Our specialist Court of Protection & Vulnerable Persons team are dedicated to supporting and protecting the interests of those who no longer have the mental capacity to make their own decisions. Whether this is through illness, disability, or injury, we work with a range of vulnerable clients and their families to overcome the often complex legal issues that arise in these circumstances.
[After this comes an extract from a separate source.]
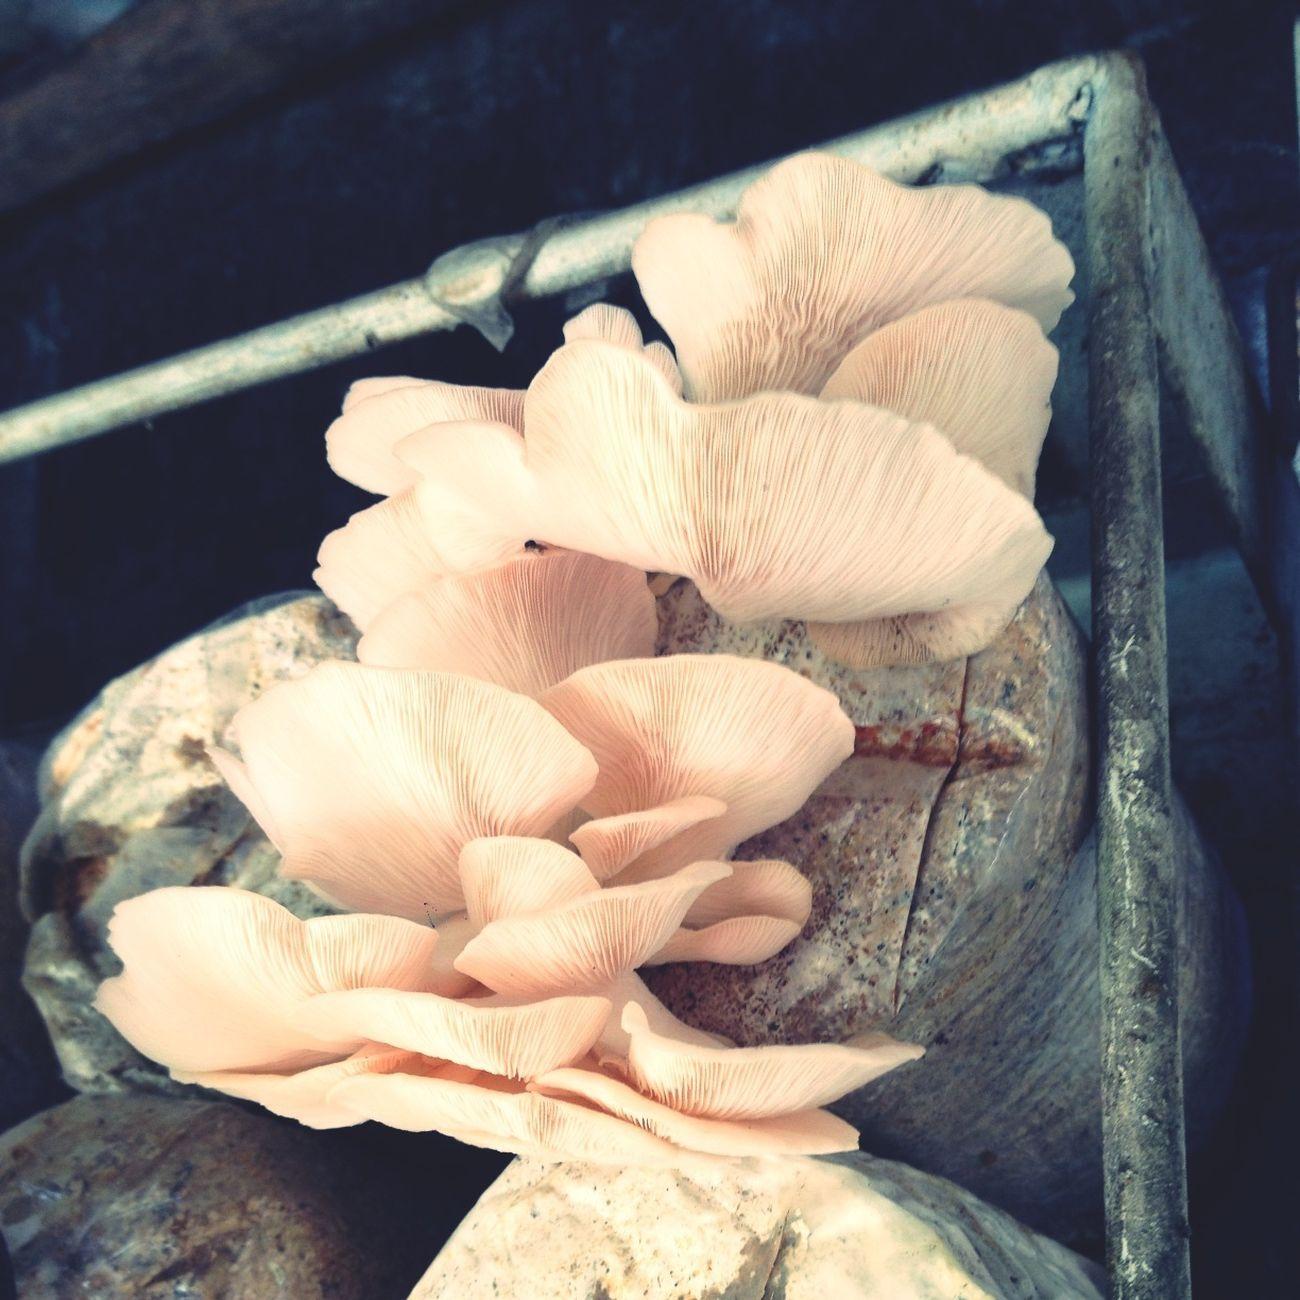 Pink Oysters mushroom

We can help you at every step with friendly, empathetic, and expert legal support.

Contact us for more information.

Benefits and challenges

  • Benefits:
    • Ensures fair and thoughtful distribution of estate.
    • Reduces potential for disputes after death.
    • May provide tax advantages or financial benefits to dependents.
  • Challenges:
    • Can be time-consuming and expensive.
    • Requires detailed evidence and justification.
    • Emotional strain on family members.

Statutory Will Applications – FAQs

What is a Statutory Will?

A Statutory Will is a legally binding will approved by the Court of Protection for someone who lacks the capacity to create or change their own Will.

Who decides what goes in a Statutory Will?

The Court of Protection or a Official Solicitor decides based on what is in the best interests of the person, considering their past wishes, values, and relationships.

How long does the process take?

Statutory Will applications typically take several months, depending on the complexity of the case and whether a court hearing is required.

Can a Statutory Will be contested?

Yes, interested parties can object to the proposed Will during the application process, which may lead to a court hearing.

Is legal advice necessary?

While not mandatory, legal advice is strongly recommended to ensure the application is properly prepared and more likely to succeed.

 

This article was produced on the 17th December 2025 for information purposes only and should not be construed or relied upon as specific legal advice.